The content of sulfate ions in the carrier was measured by a combustion method with a sulfur analyzer (CS844, manufactured by LECO Corporation) using a previously ground measurement sample.

<Method for Measuring Differential Pore Volume Distribution of Carrier>

About 3 g of a measurement sample was collected in a porcelain crucible, heated at a temperature of 500° C. for 1 hour, then placed in a desiccator and cooled to room temperature to obtain a sample for measurement, and then the differential pore volume distribution was measured by mercury intrusion porosimetry (PoreMaster GT-60, manufactured by Quantachrome Corporation, contact angle of mercury: 150°, surface tension: 480 dyn/cm).

<Method for Measuring Pore Volume of Carrier>

About 30 g of a measurement sample was collected in a porcelain crucible, heated at a temperature of 500° C. for 1 hour, then placed in a desiccator and cooled to room temperature to obtain a sample for measurement, and then the pore volume was measured by a pore-filling method with water.

<Method for Measuring Pressure Resistance Strength of Carrier>

The pressure resistance strength of the carrier was measured with a Kiya hardness tester.

<Method for Checking Crystalline Form of Alumina>

The measurement sample was ground in a mortar and then compacted on a non-reflective plate for measurement to prepare an observation sample, and the crystalline form was checked using an X-ray diffractometer (RINT-2100, manufactured by Rigaku Corporation).

Example 1

(Production of Carrier)

A tank provided with a circulation line having two chemical solution addition ports was charged with 68.4 kg of pure water, and 42.6 kg of an aluminum sulfate aqueous solution (concentration of 7 mass % in terms of Al₂O₃) was added thereto under stirring, and the mixture was heated to 60° C. and circulated. At this time, the pH of the aluminum sulfate aqueous solution was 2.3.

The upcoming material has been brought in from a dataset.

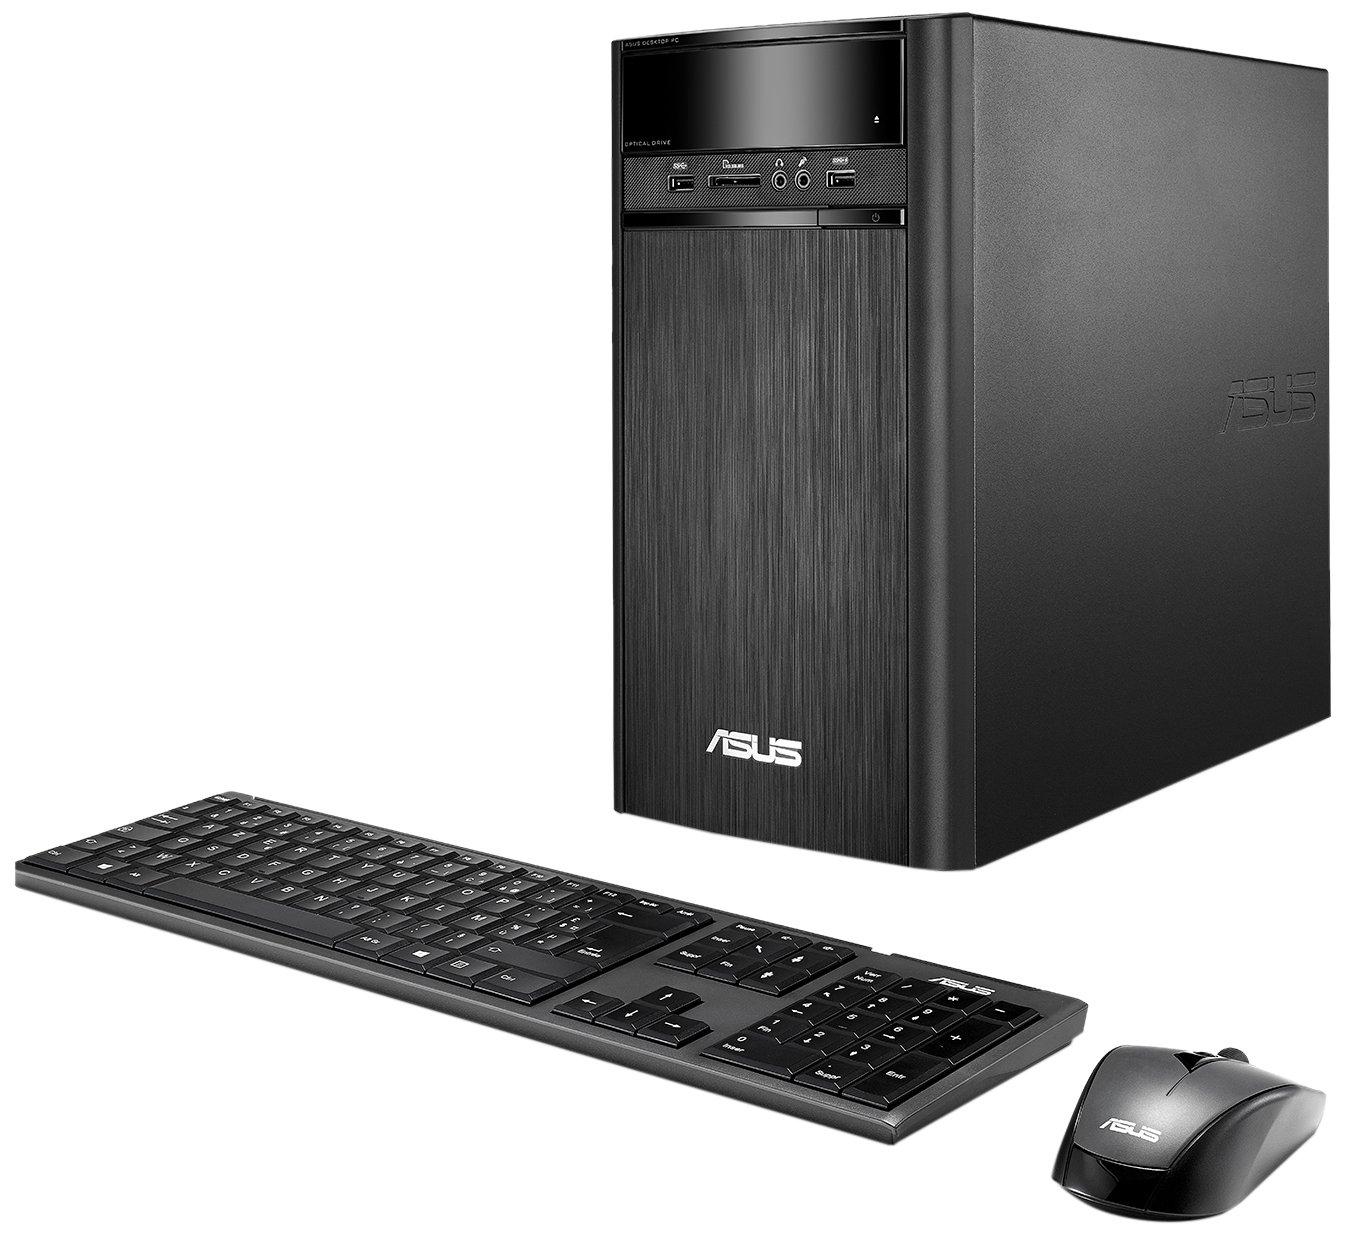 ASUS K31CD-DS71 VivoPC Desktop, Intel Core i7 3.6GHz Processor, 16GB DDR4, 2TB 7200RPM HDD, Windows 10 Home

Subsequently, 31.9 kg of a sodium aluminate aqueous solution (concentration of 22 mass % in terms of Al₂O₃) was added to the aluminum sulfate aqueous solution over 90 minutes while the temperature was maintained at 60° C. under stirring and circulating, thereby obtaining a slurry a of hydrated alumina (concentration of 7.0 mass % in terms of Al₂O₃). The pH of the obtained slurry a was 10.0.

Subsequently, the obtained hydrated alumina was separated by filtration and washed with pure water at 60° C. to remove impurities such as sodium and sulfate radicals, thereby obtaining a washed cake. Pure water was added to the washed cake to prepare a slurry so as to have an Al₂O₃ concentration of 10 mass %, then 164 g (concentration of 62 mass % in terms of P₂O₅) of phosphoric acid was added to the slurry, and the slurry was aged at 95° C. for 3 hours in an aging tank equipped with a reflux device.

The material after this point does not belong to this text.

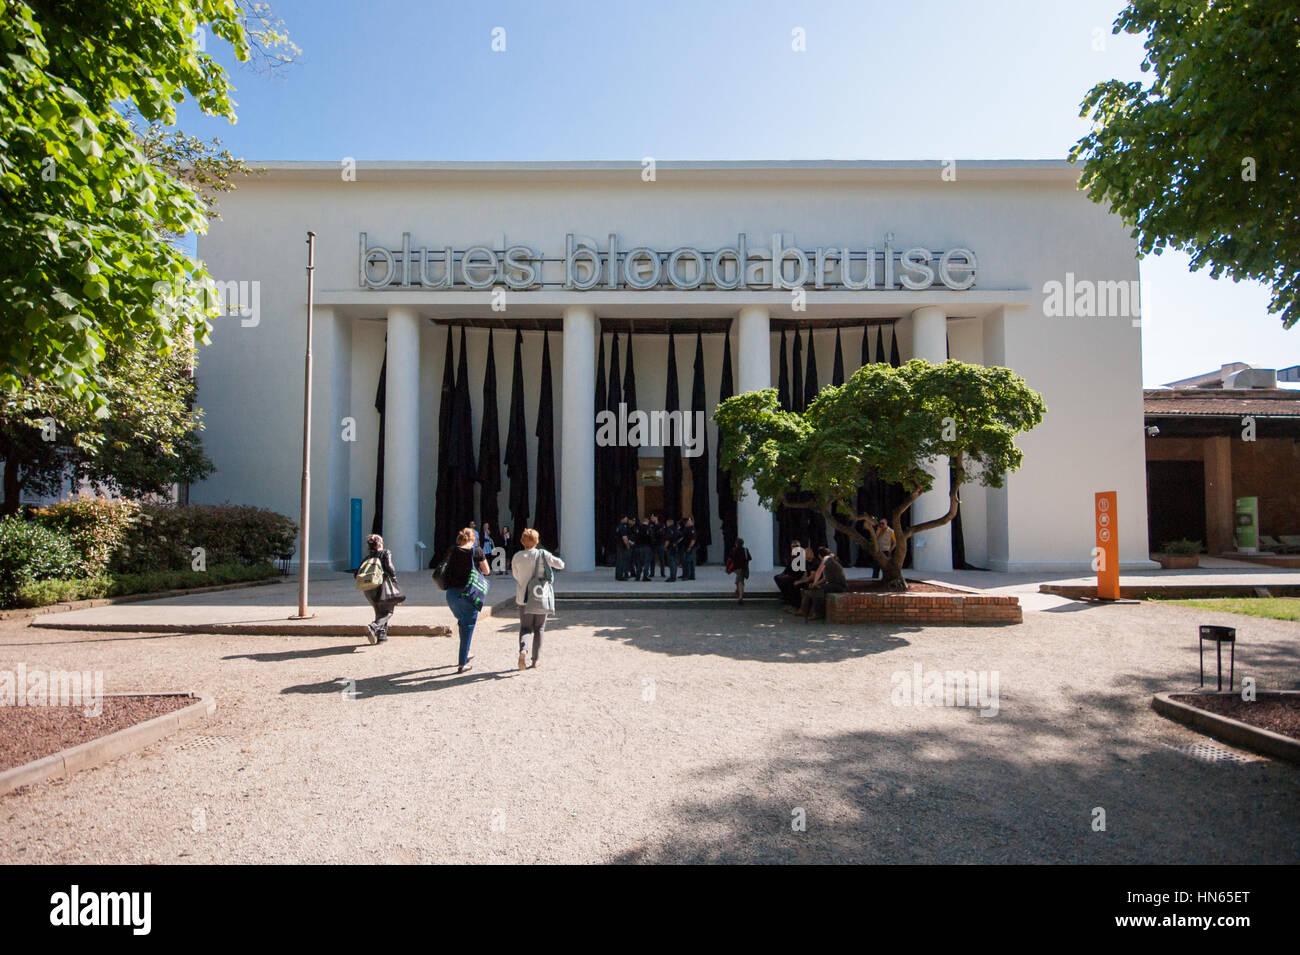 Venice Art Biennale 2015, central pavilion Giardini, curator: Okwui Enwezor - Stock Image

The slurry after completion of aging was dehydrated, and the obtained dehydrated material was concentrated and kneaded to a predetermined water amount while kneading with a double-arm kneader provided with a steam jacket. The obtained kneaded material was extrusion-molded into a 1.7 mm four-leaf columnar shape with an extrusion molding machine. The obtained molded product was dried at 110° C. for 12 hours and then further calcined at 600° C. for 3 hours to obtain an alumina-phosphorus oxide carrier a.

The carrier a contained phosphorus in an amount of 1 mass % in terms of P₂O₅ and aluminum in an amount of 99 mass % in terms of Al₂O₃ (the total amount of the carrier is taken as 100 mass %).

(Production of Catalyst)

In 400 ml of ion exchanged water, 59.4 g of molybdenum oxide and 22.7 g of nickel carbonate were suspended, and this suspension was heated at 95° C. for 5 hours with an appropriate reflux device so as not to reduce the liquid volume, and then 36.7 g of phosphoric acid was added thereto to dissolve the components, thereby preparing an impregnation liquid. After 500 g of the carrier a was impregnated with this impregnation liquid by spraying, the carrier a was dried at 250° C. and further calcined at 550° C. for 1 hour in an electric furnace, thereby obtaining a hydrotreating catalyst A (hereinafter also simply referred to as “catalyst A”, the same applies to the following examples).

The catalyst A contained molybdenum in an amount of 10 mass % in terms of MoO₃ and nickel in an amount of 2.1 mass % in terms of NiO (the total amount of the catalyst is taken as 100 mass %). The properties of the catalyst A are shown in Table 1. FIGS. 1(A) and 1(B) show integral and differential pore distribution diagrams of the hydrotreating catalyst A, respectively.

Example 2

An alumina-phosphorus oxide carrier b was obtained in the same manner as in “Production of carrier” in Example 1 except that the addition amount of phosphoric acid was changed to 131 g. The carrier b contained phosphorus in an amount of 0.8 mass % in terms of P₂O₅ and aluminum in an amount of 99.2 mass % in terms of Al₂O₃.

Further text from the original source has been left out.